The most well-known and serious type of gluten reactivity is an inflammatory gut disease known as celiac disease. Celiac disease is often thought of as a food allergy, but since celiac is a genetic autoimmune disease caused by activation of certain genes, this is an inaccurate representation. About 33% of people in the Western world, carry the gene for celiac disease.4 But since celiac disease has a prevalence of only about 0.5-1%, the cause is beyond simple genetics and disease manifestation in susceptible individuals likely must also include an environmental trigger.5
As in other autoimmune diseases, people with celiac disease may have periods of exacerbation of symptoms or remission, where they are asymptomatic.6 However, celiac disease is a chronic condition. If someone with celiac disease consumes gluten, an abnormal immune response is triggered that results in significant inflammation and damage to the lining of the small intestine, which then impairs the absorption of nutrients of the small intestine.5 The damage to the small intestinal wall and inflammation of the intestinal lining can lead to malabsorption and malnutrition, which in turn, can lead to osteoporosis, anemia, and delayed growth.

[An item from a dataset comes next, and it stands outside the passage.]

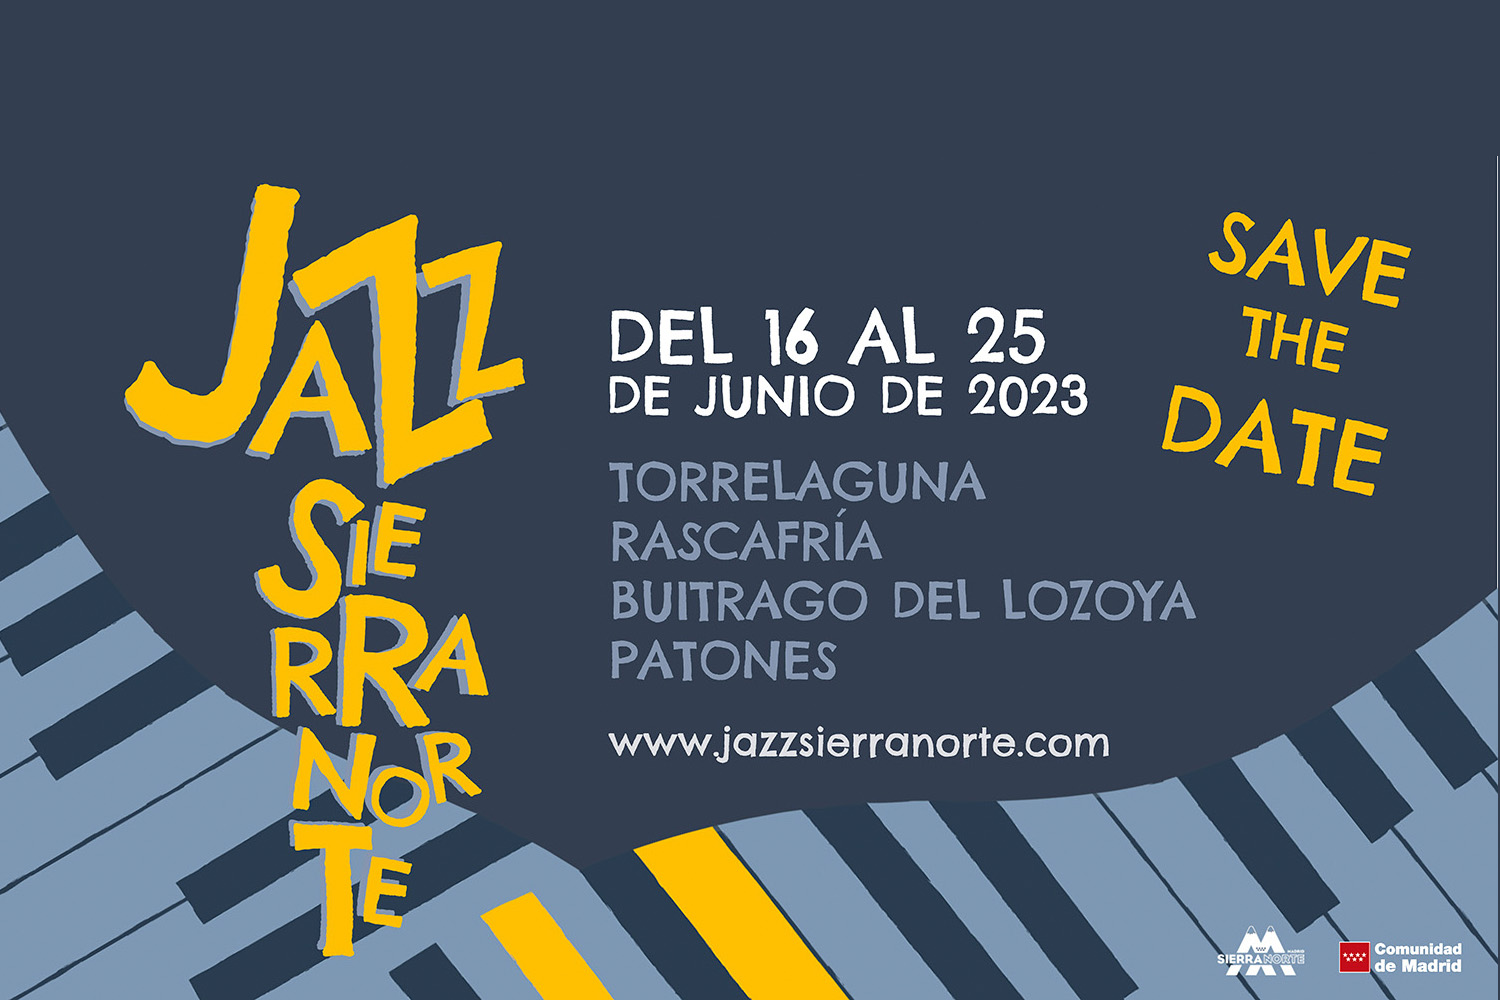 El Festival de Jazz Sierra Norte contará con escenarios singulares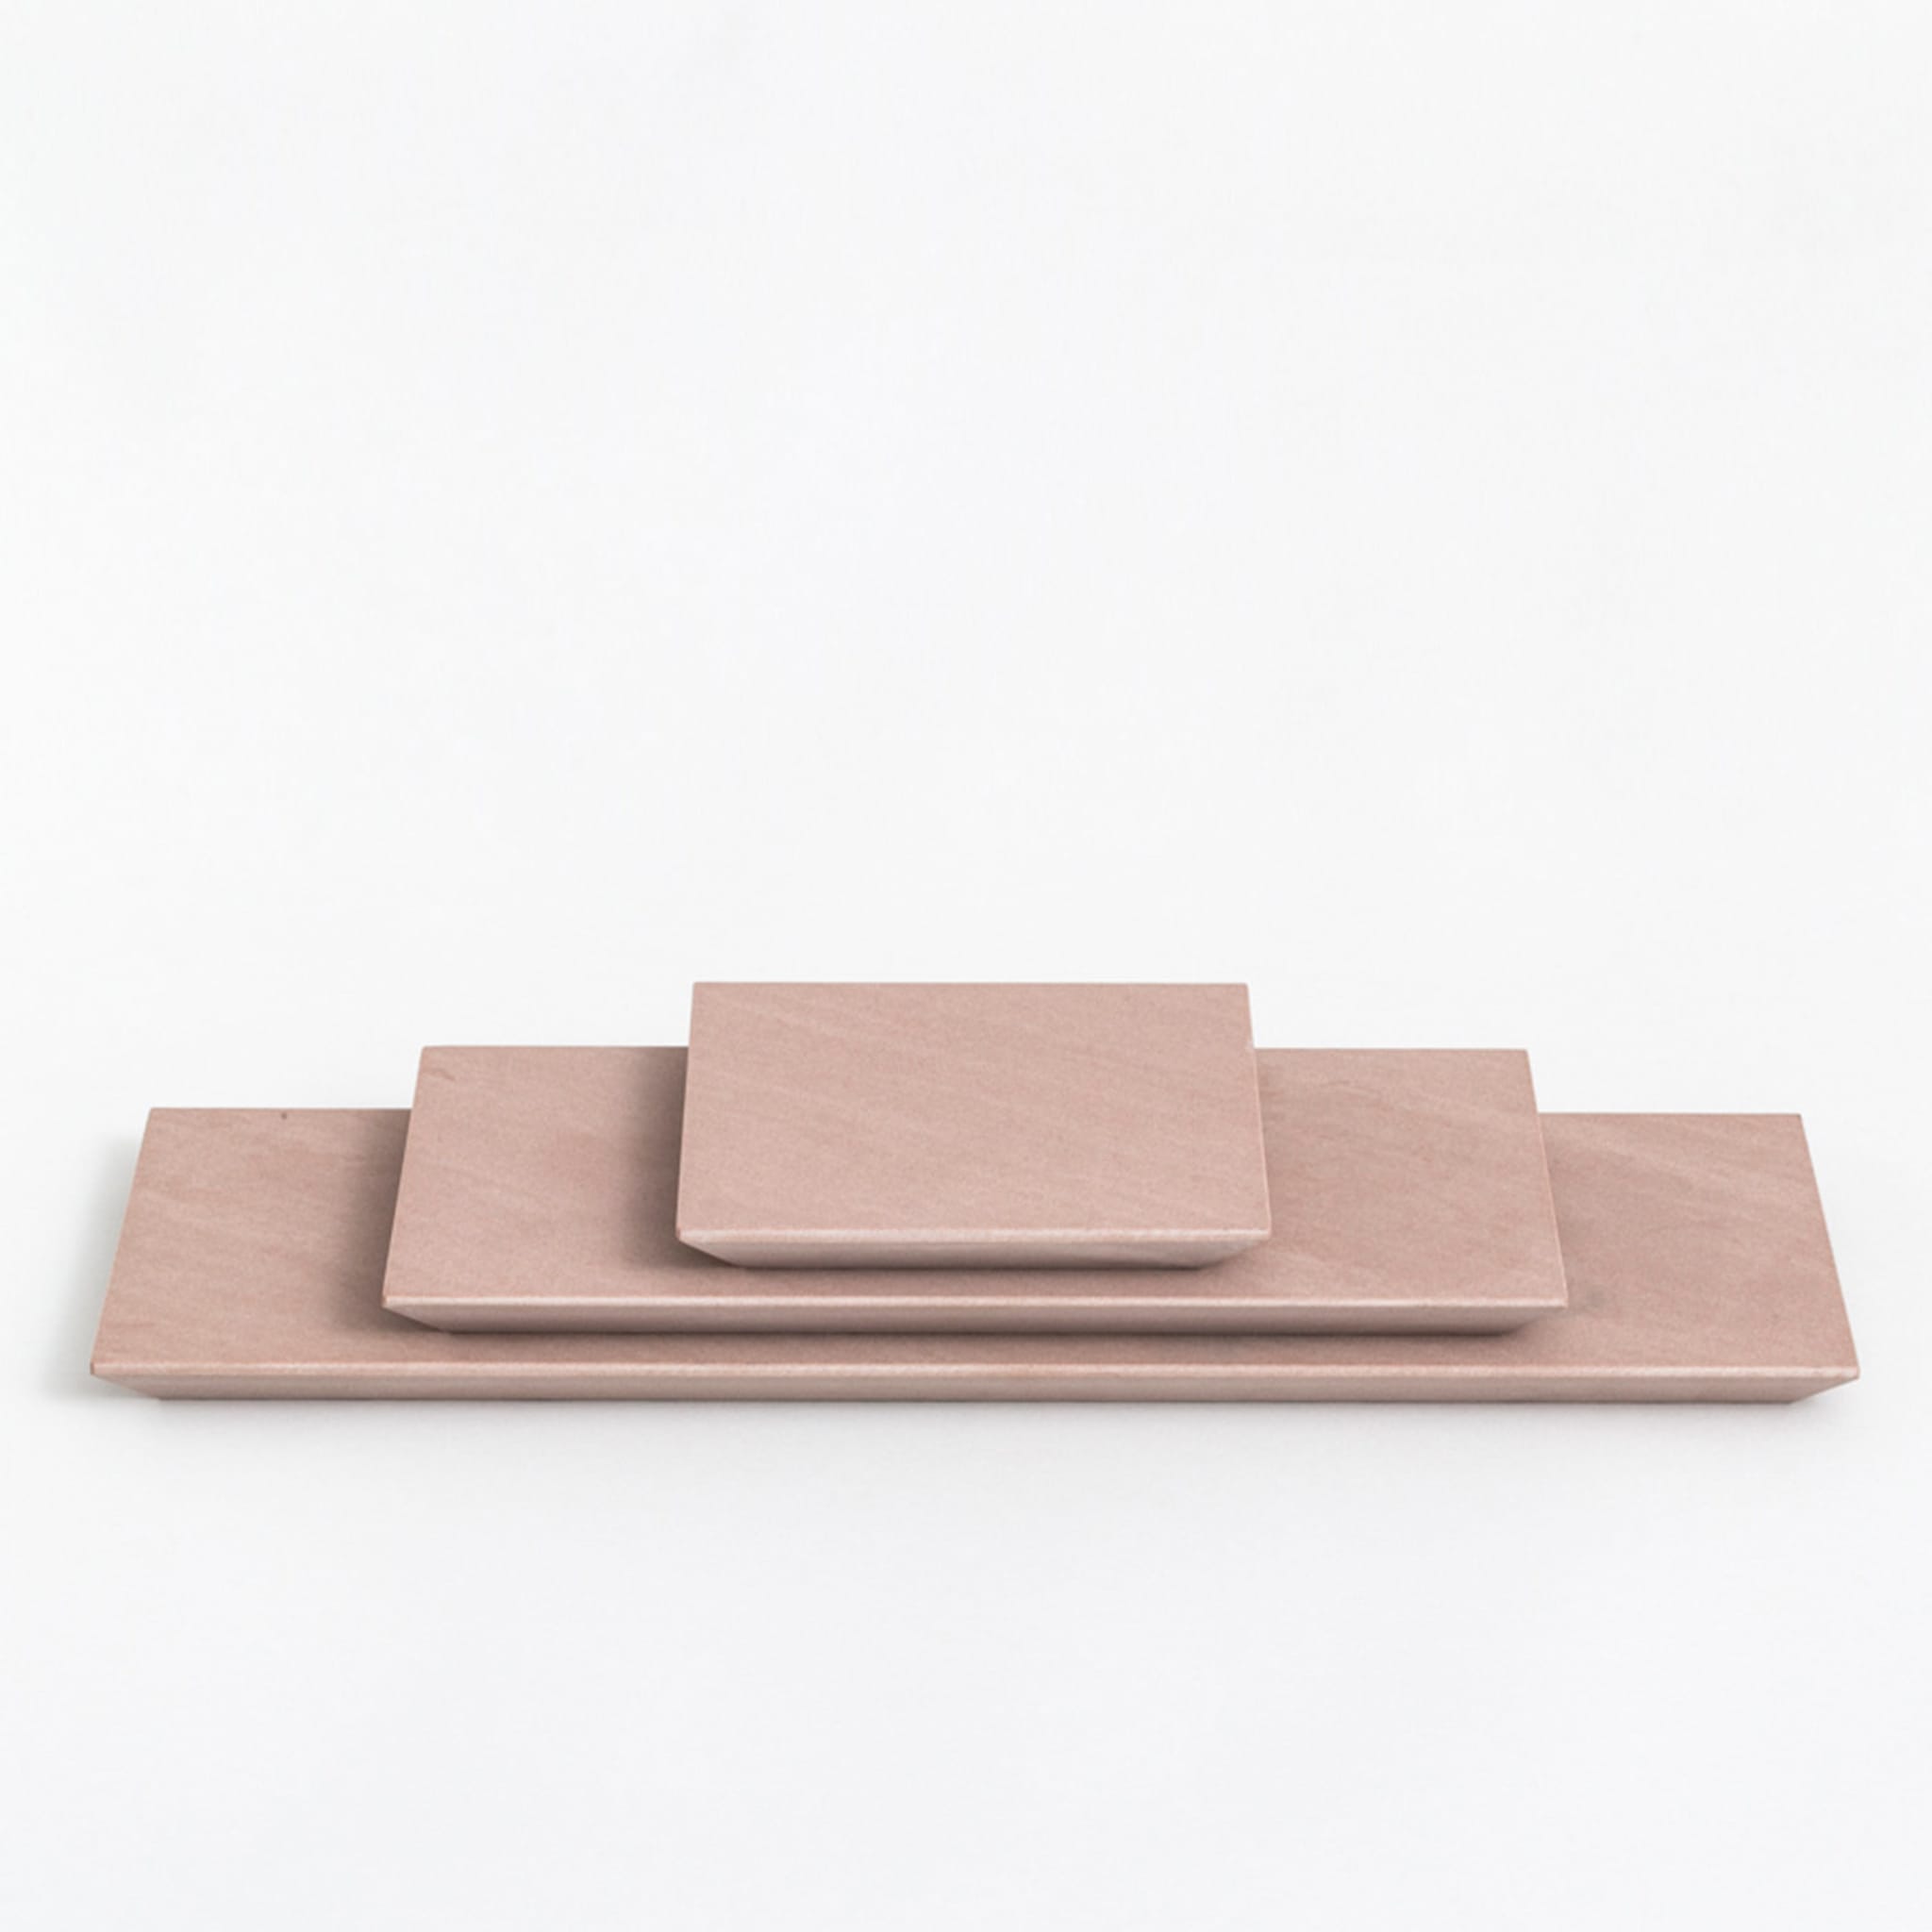 Pink Quartzite Set of 3 Cutting Boards - Alternative view 1

Are celiac disease and gluten intolerance the same thing?
No. Although the symptoms can often be the same, celiac disease and gluten intolerance are driven by different biochemical processes within the body. Celiac disease is an autoimmune condition that results in an immunologic response to gluten in the intestines. An intolerance is not immune-mediated and may be related to lack of key enzymes or chemicals required for digestion of gluten.
Can a gluten free diet help?
Yes! In the case of celiac disease, a strict gluten-free diet is an absolute must. A gluten-free diet means that the protein gluten is excluded from all foods consumed. Label reading is very important when taking on a gluten-free diet. Some people are exquisitely sensitive to gluten and may not see improvement of symptoms with a gluten-free diet if they are exposed to even small trace amounts of gluten. For this reason, some people may need to be very conscientious of hidden sources of gluten, as well as cross contamination of typically non-gluten containing foods. Such individuals would need to consume gluten-free products from facilities and growers who are strictly dedicated to being gluten free.